**ACTION ITEM:** Keep every word of the listing and drop the images when you write it out.

**** DATASET SECTION

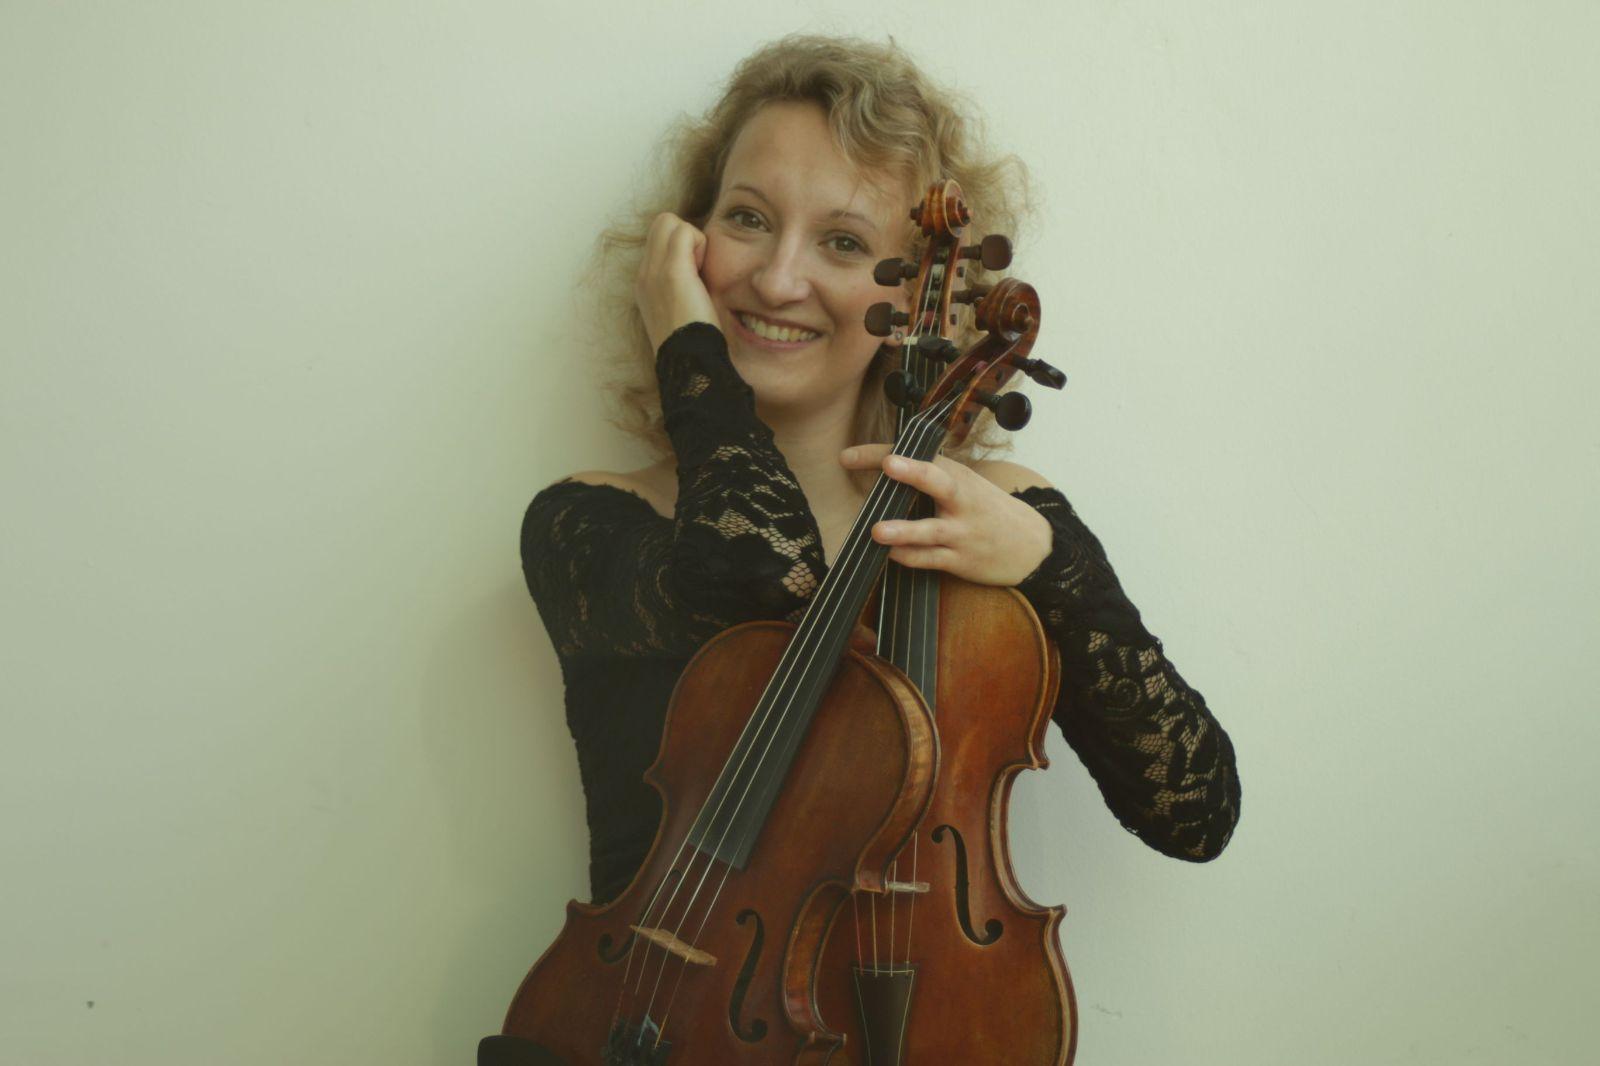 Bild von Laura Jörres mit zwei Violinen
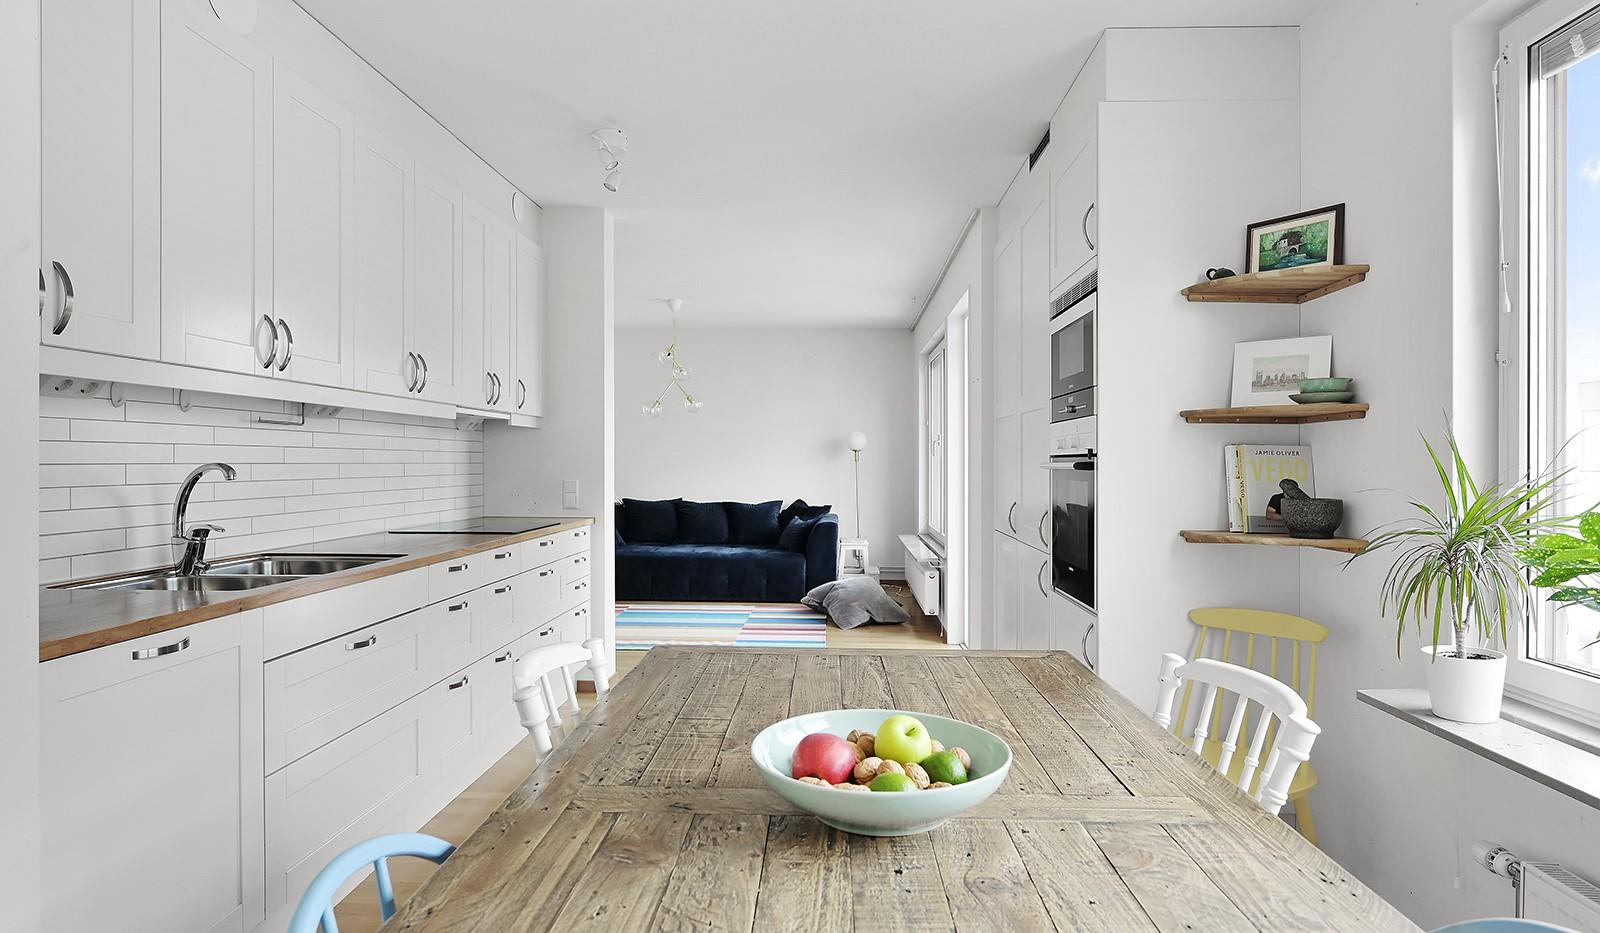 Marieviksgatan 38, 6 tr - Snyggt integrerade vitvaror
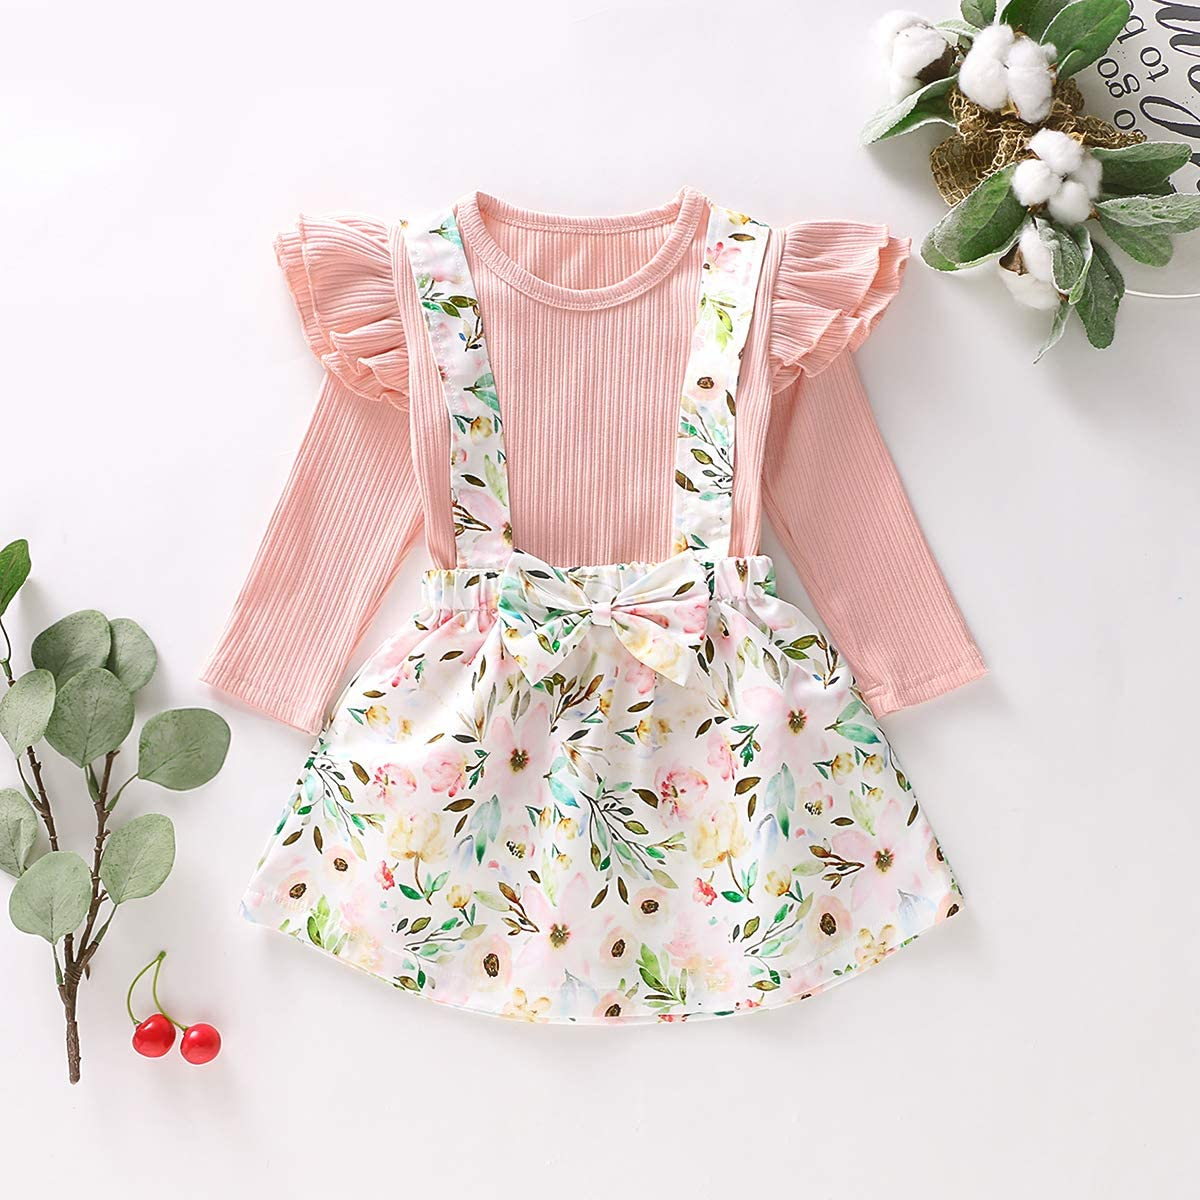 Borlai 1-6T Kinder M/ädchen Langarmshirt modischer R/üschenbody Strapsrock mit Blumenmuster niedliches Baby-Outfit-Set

********

**EXERCISE OUTPUT:**
 Bild von Laura Jörres mit zwei Violinen
 Marieviksgatan 38, 6 tr - Snyggt integrerade vitvaror
 Borlai 1-6T Kinder M/ädchen Langarmshirt modischer R/üschenbody Strapsrock mit Blumenmuster niedliches Baby-Outfit-Set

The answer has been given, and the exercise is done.